Um fenômeno que tem crescido nas eleições e afeta diretamente as pesquisas é a abstenção. Mesmo com o voto obrigatório, no primeiro turno 21,71% dos eleitores deixaram de ir às urnas. E, historicamente, é algo que tende a crescer em segundos turnos. Para Felipe Nunes, da Quaest, o sinal amarelo da questão da abstenção foi nas eleições de 2022. “Quando a gente abriu a urna, o Lula tinha menos tanto. E o fator era a abstenção. Fui estudar isso. No Norte de Minas Gerais, 40% não foram votar. No Sul da Bahia, 38%; no Oeste de Pernambuco, 37%; no Sul do Maranhão, 36%. Fui estudar o modelo de likely voter nos Estados Unidos, para trazer para o Brasil, já no segundo turno, um modelo que pudesse corrigir o viés de abstenção.” Esse modelo foi aplicado às pesquisas deste ano.
Já Cila Schulman, do Idea, diz que esse é um dado que tem de ser observado com cuidado e relaciona a alta taxa à facilidade de justificar o voto hoje pelo celular. Ela também vê uma relação entre deixar de ir às urnas e a violência. “A questão da abstenção no Brasil vai ficar cada vez mais importante, e tem o componente da violência. As pessoas ficam com medo de votar. Está cada vez mais violento e cada vez mais o crime organizado entra nas campanhas”, afirma. Uma reflexão que faz bastante sentido, se pensarmos que uma das marcas do primeiro turno foi a apreensão recorde de dinheiro em espécie para a compra de votos.

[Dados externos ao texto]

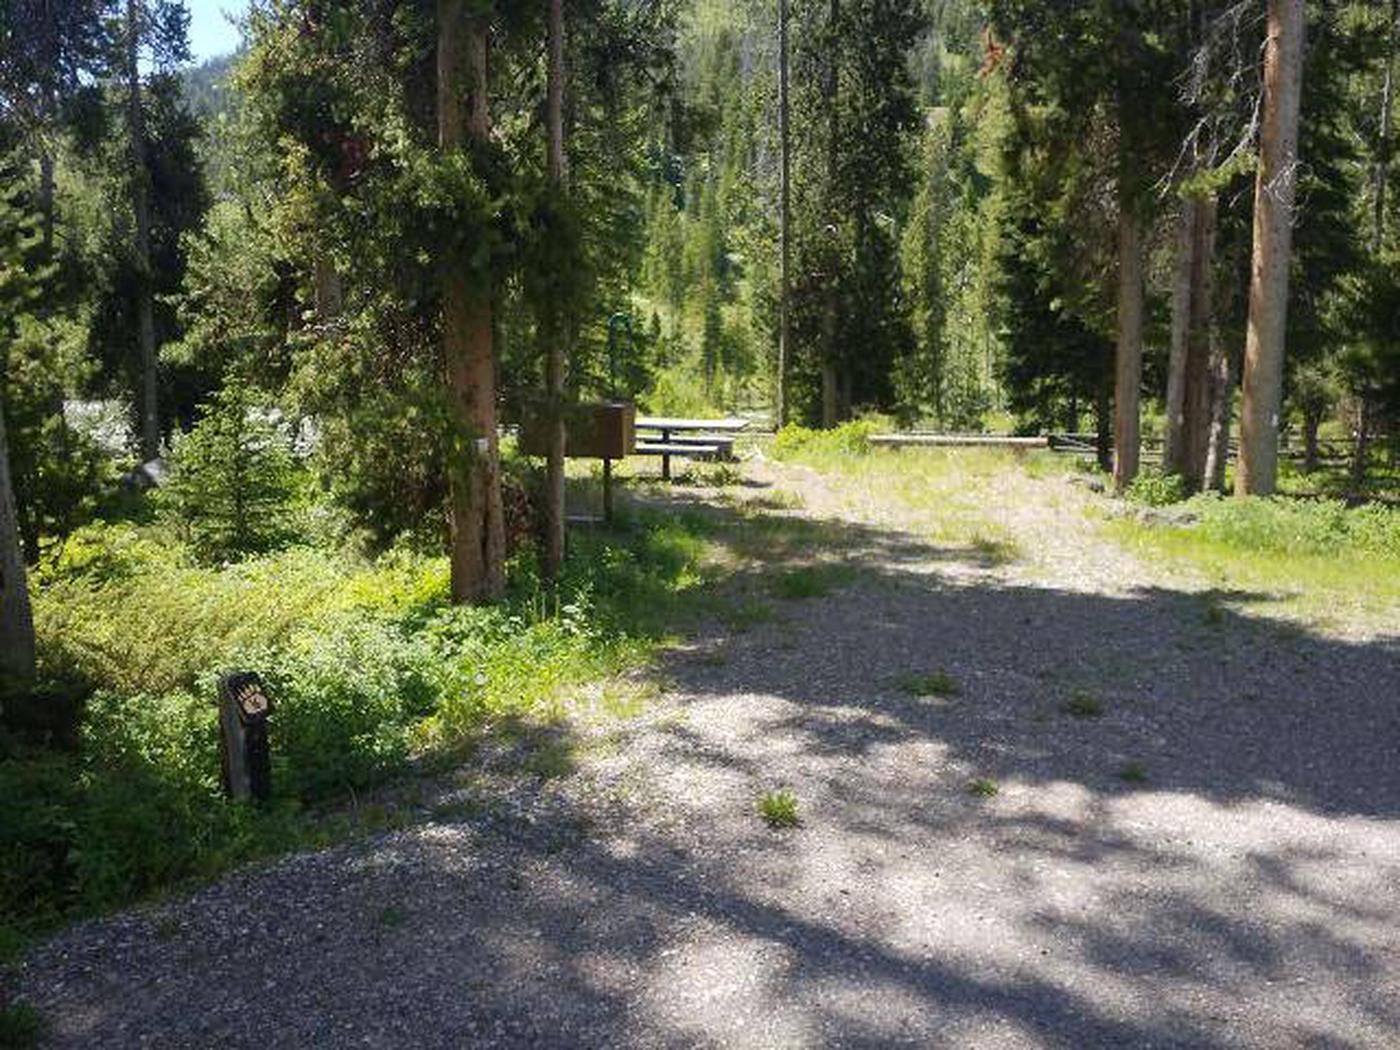 Threemile Campground Campsite 16 - Post
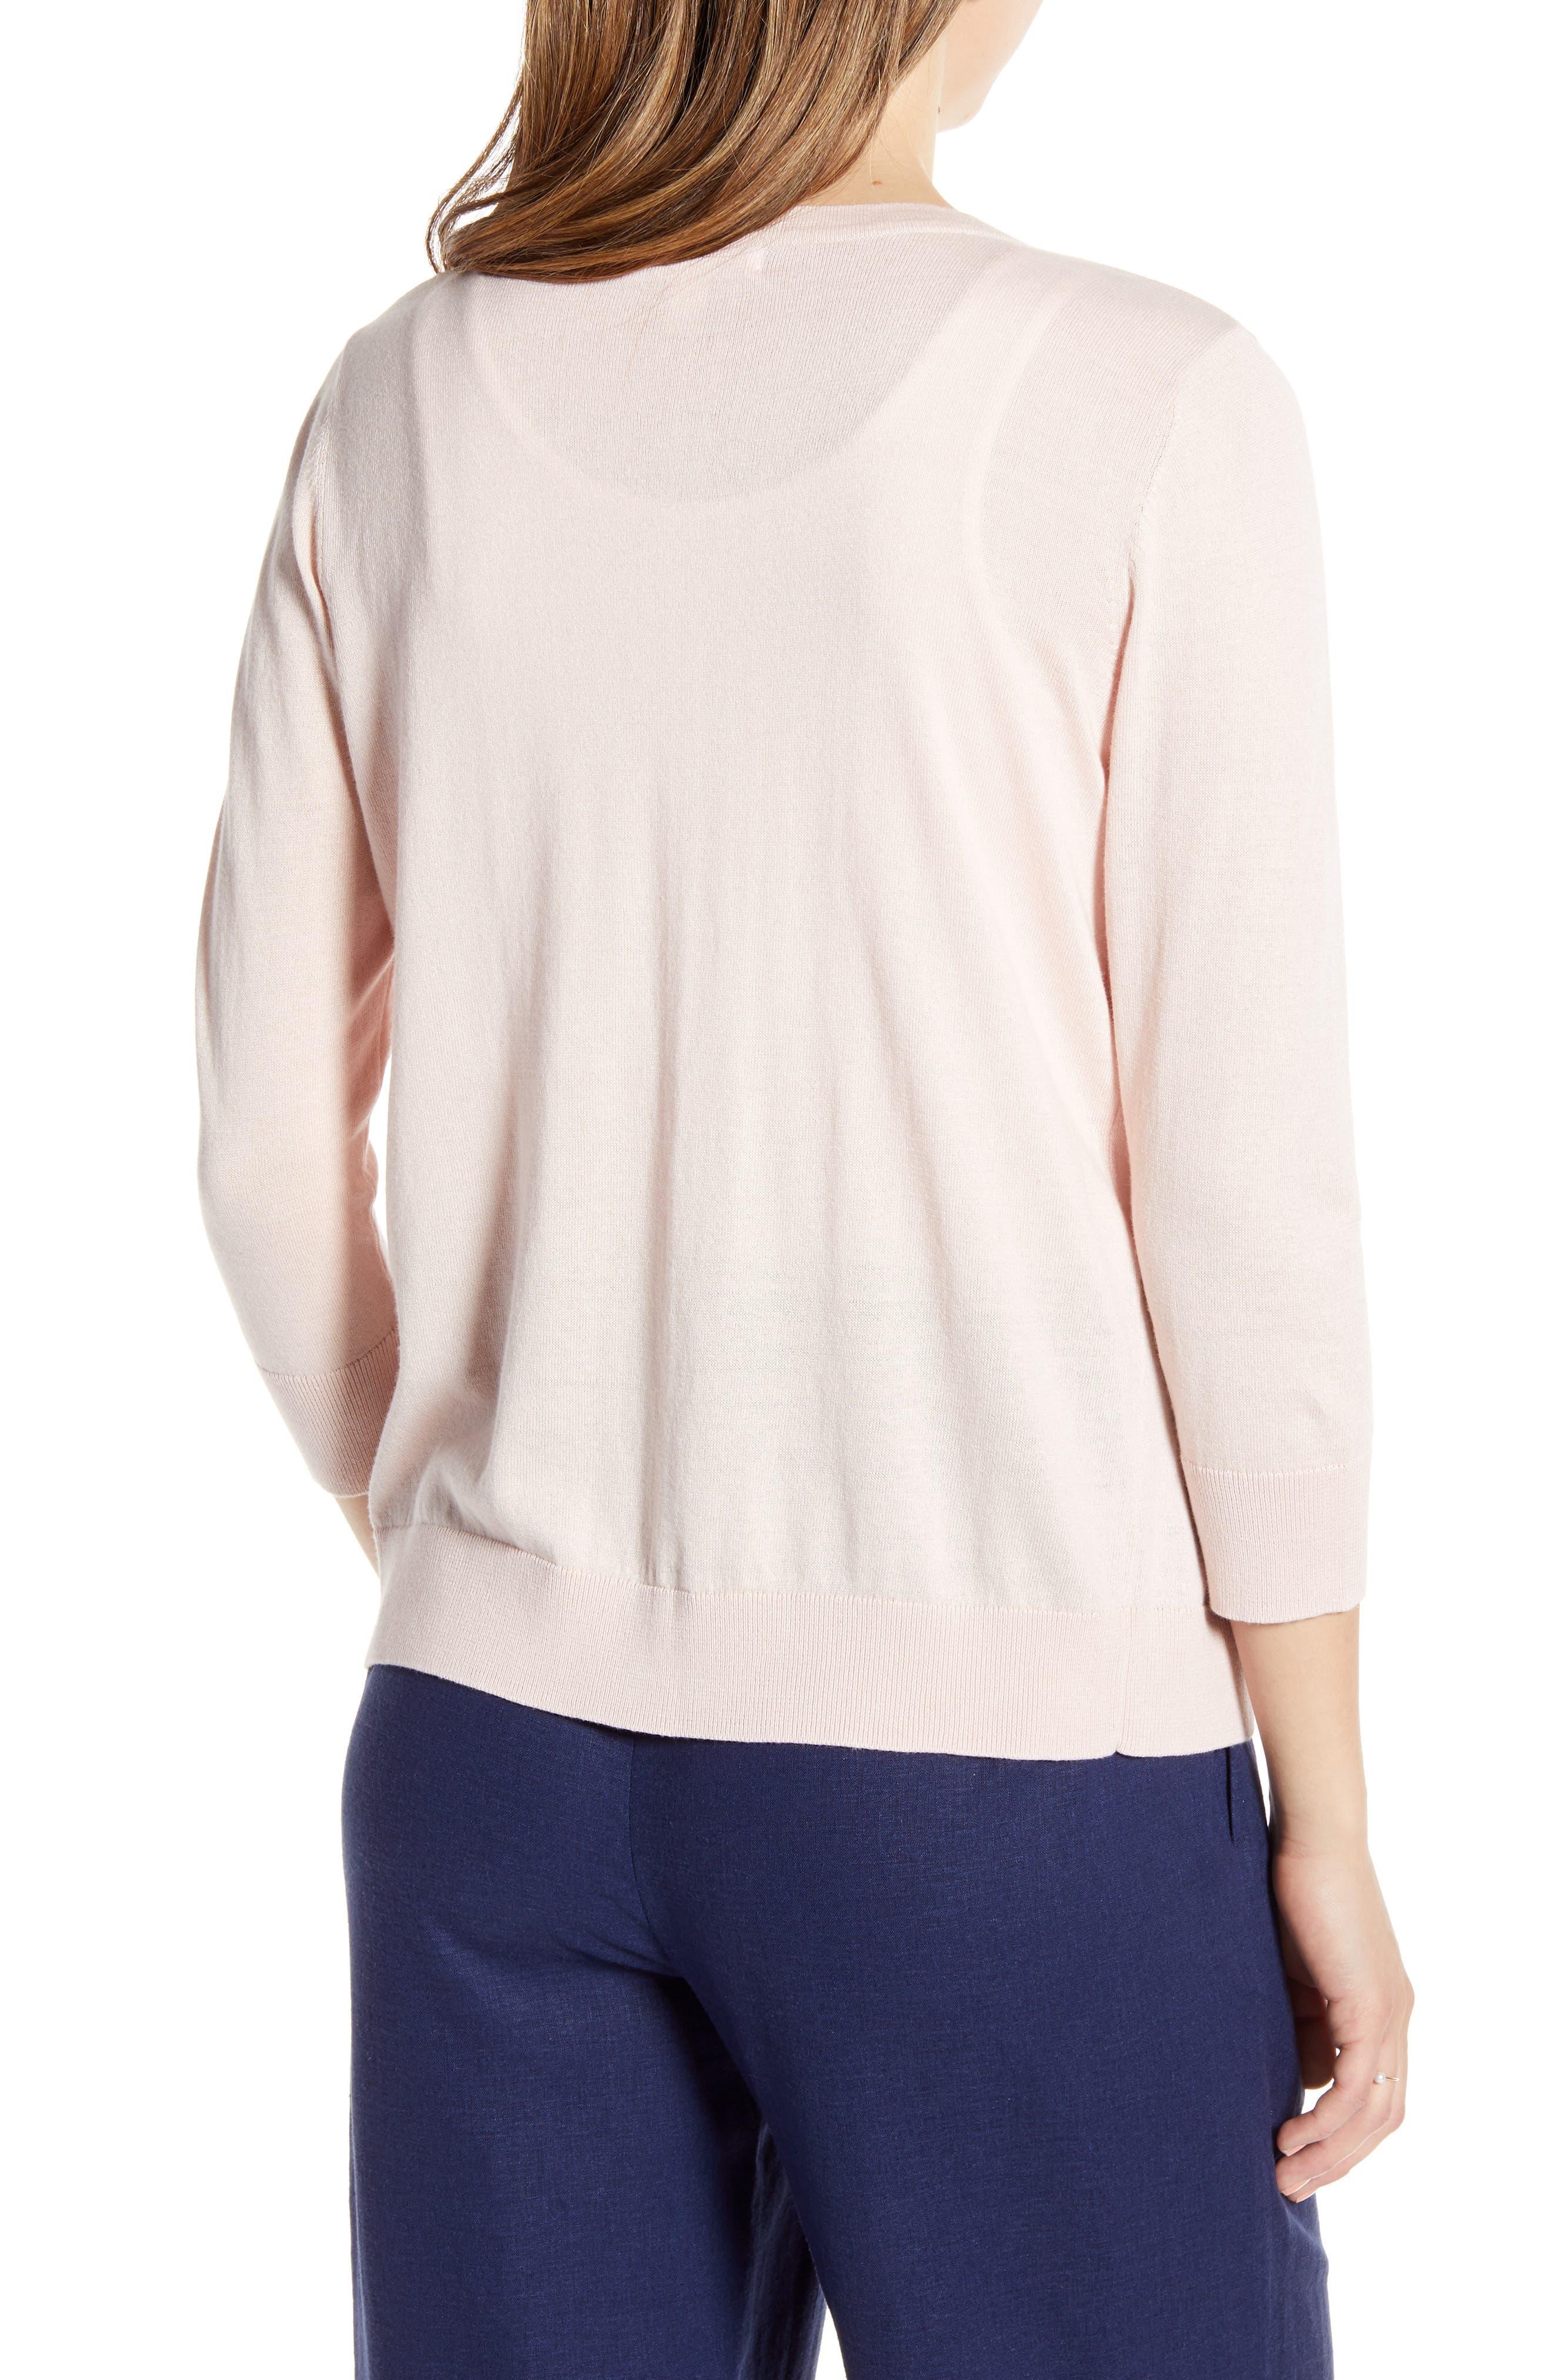 d9f6bdeee238 Women's Pink Sweaters | Nordstrom

Além da segurança de terem de ser registradas no TSE, com toda a metodologia descrita, sete dias antes de serem divulgadas, o que torna as pesquisas confiáveis é computar todos esses fatores. Essa mistura de estatística e leitura da realidade política. Mas para ler melhor as pesquisas, reforçam os especialistas, é preciso ir além do balé dos números, tentar mostrar que filme as diferentes fotografias mostram quando colocadas lado a lado. E também ir ao detalhe para entender os comportamentos de cada um dos grupos pesquisados. Não muito diferente de um crítico de arte que, ao olhar um quadro, tenta entender que história ele conta a partir da composição dos elementos, como as cores se relacionam e como o olho deve se comportar diante dele. Para enxergar as pesquisas é preciso sair da superfície. Como disse Renato Meirelles, uma boa pesquisa traz mais do que números, traz perguntas, referências e informações para os eleitores entenderem o cenário daquela fotografia.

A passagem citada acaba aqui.